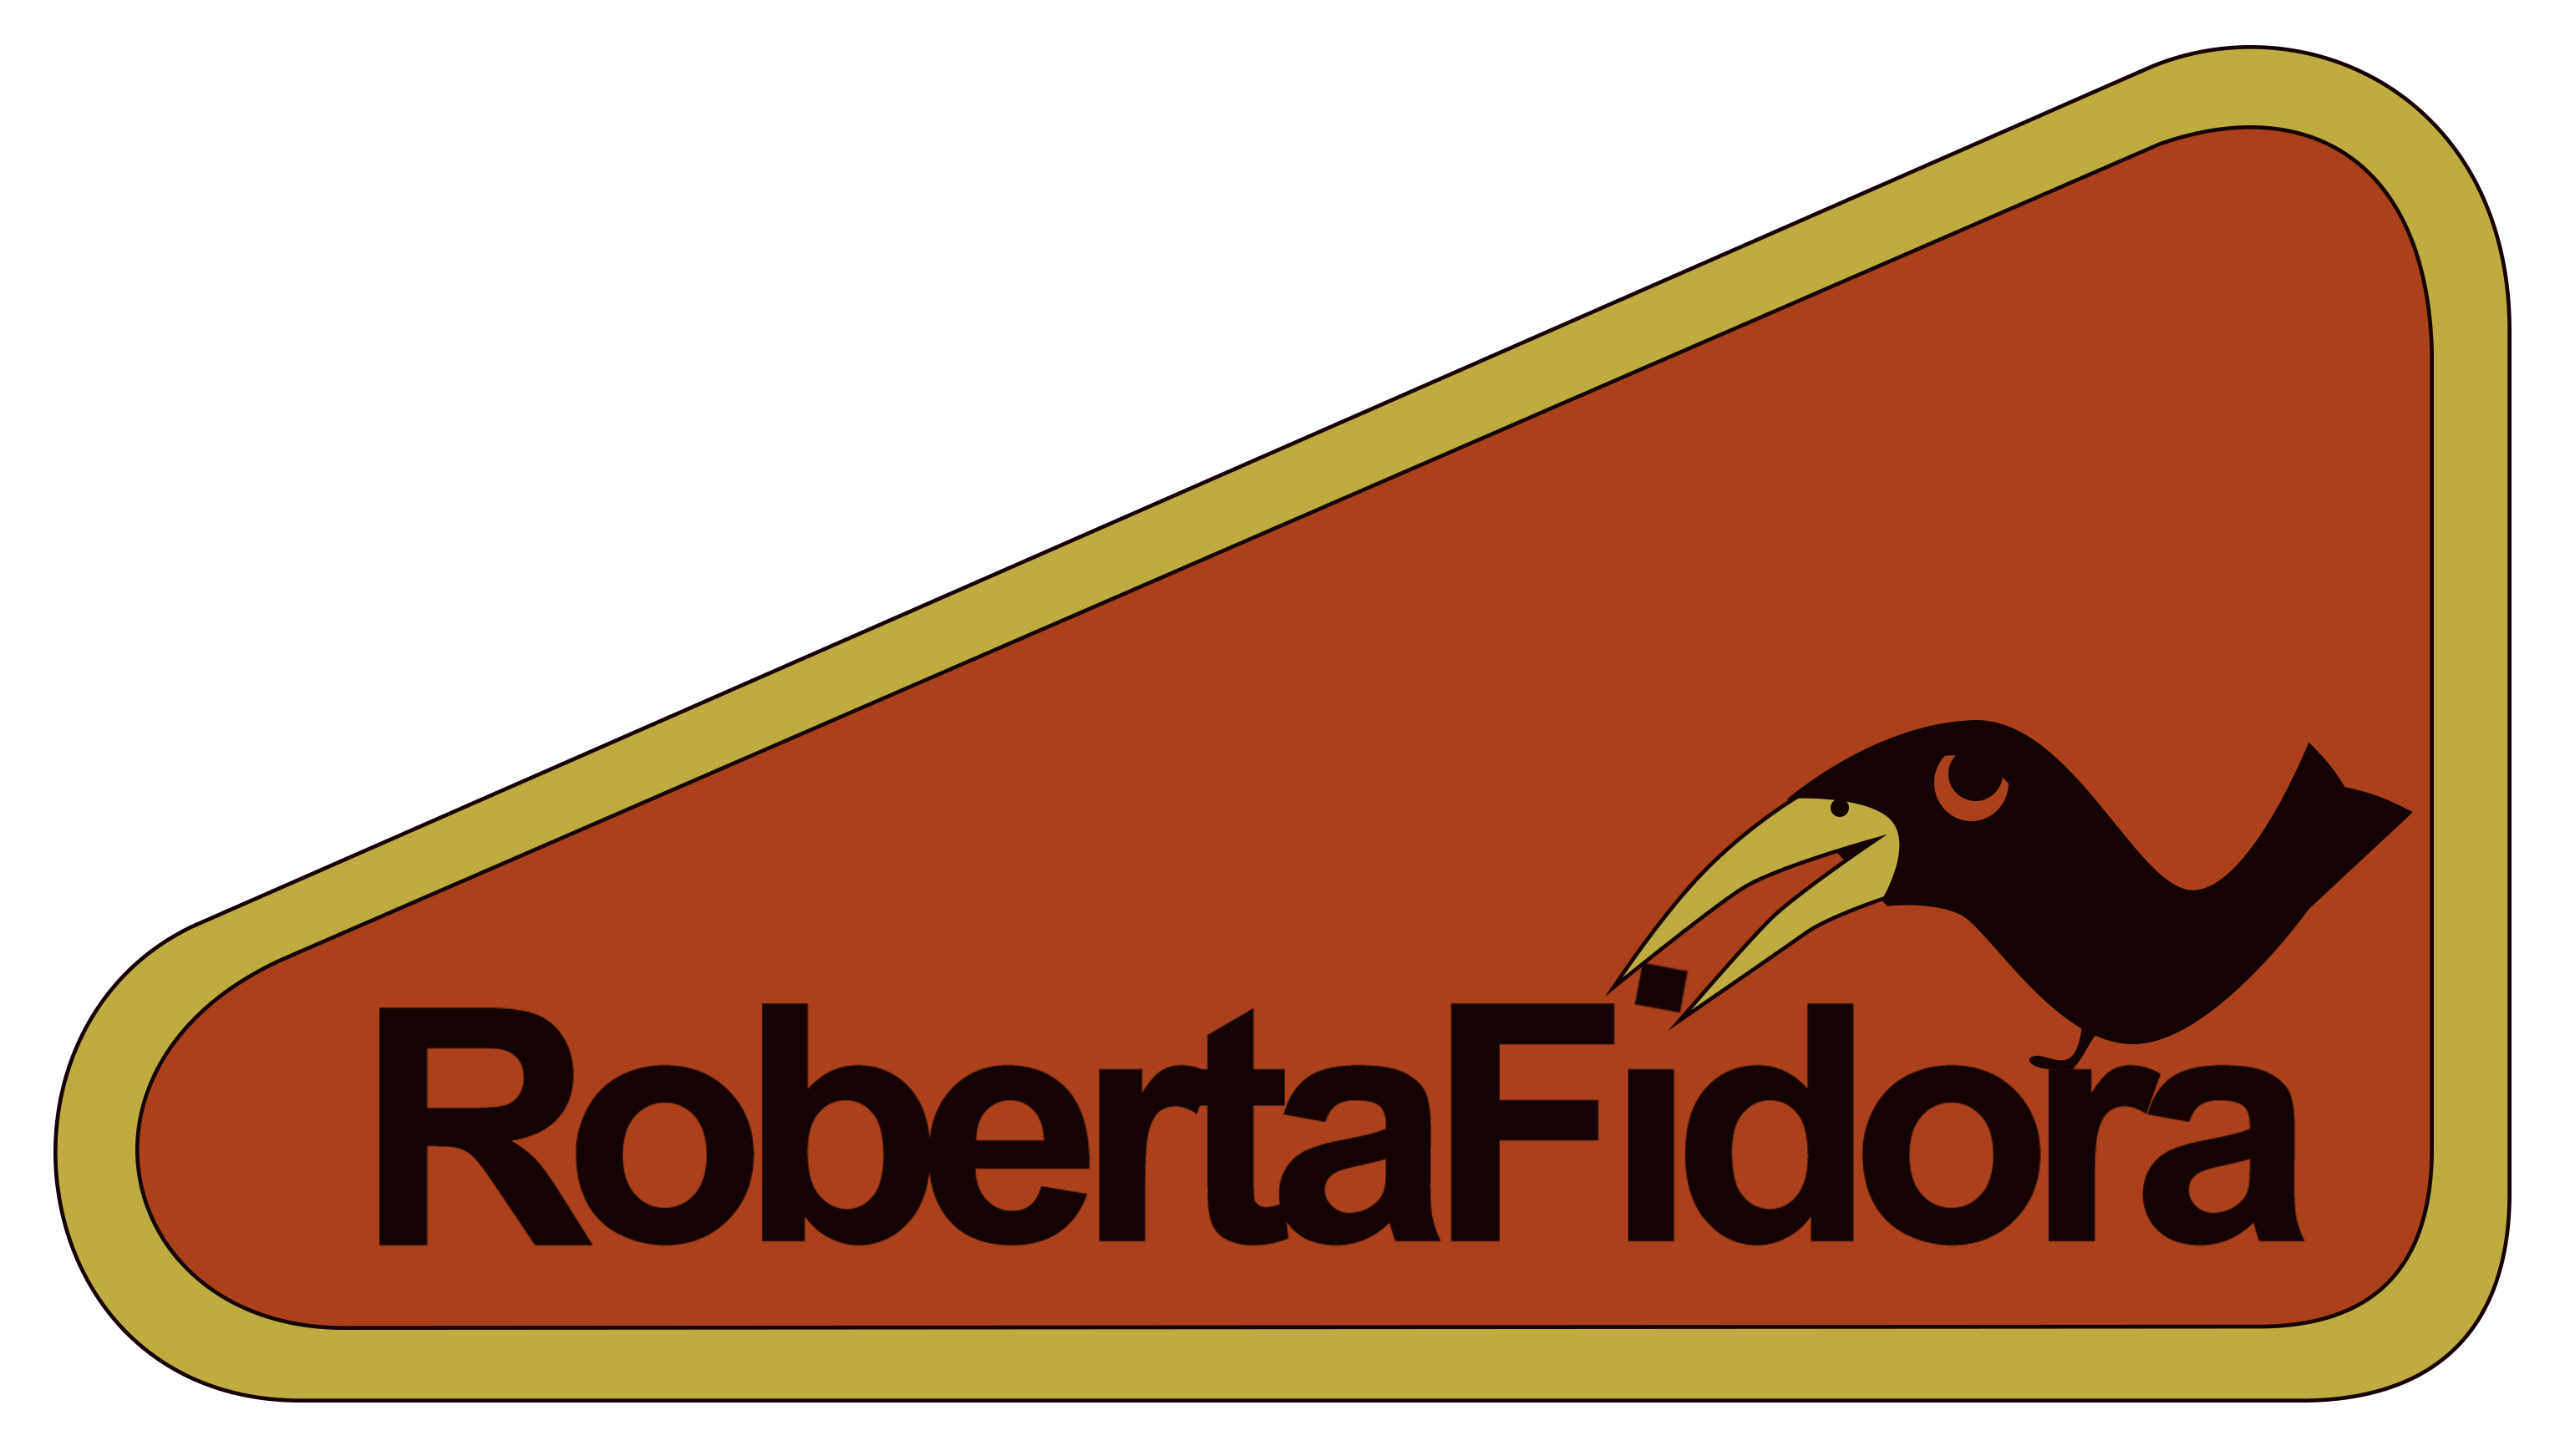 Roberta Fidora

◇ ◇ ◇ ◇ ◇

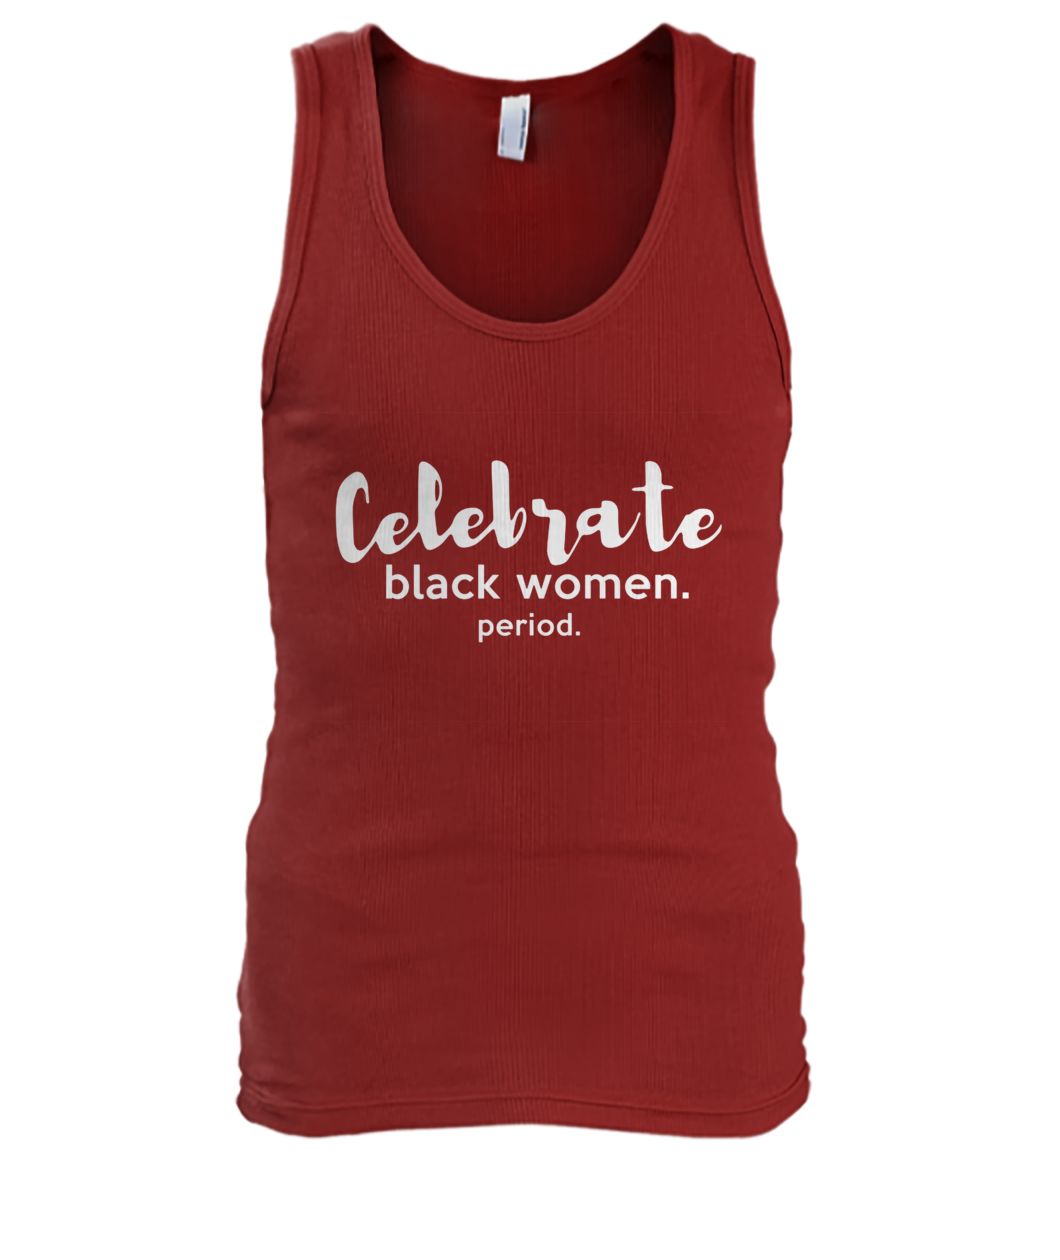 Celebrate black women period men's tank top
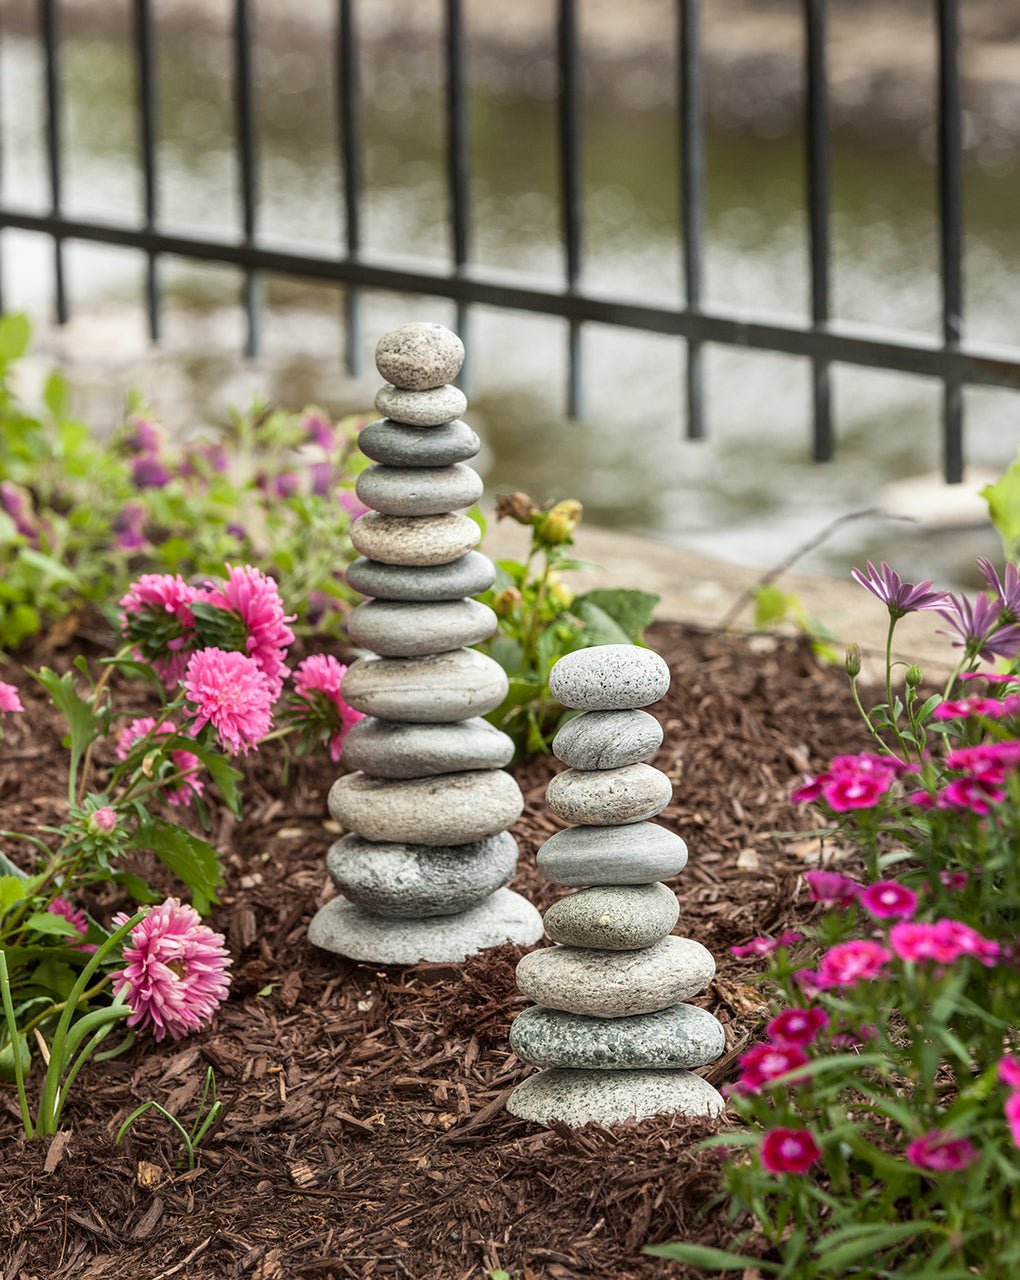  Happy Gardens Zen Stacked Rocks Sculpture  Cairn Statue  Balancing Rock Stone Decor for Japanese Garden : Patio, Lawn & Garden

◇ ◇ ◇ ◇ ◇

◆ What to produce ◆
In the listing above, find the line with "Celebrate black women period men's tank top" and the line with "Happy Gardens Zen". Output both, plus every line between them, and no pictures.

◆ Result for this exercise ◆
 Celebrate black women period men's tank top
  Happy Gardens Zen Stacked Rocks Sculpture  Cairn Statue  Balancing Rock Stone Decor for Japanese Garden : Patio, Lawn & Garden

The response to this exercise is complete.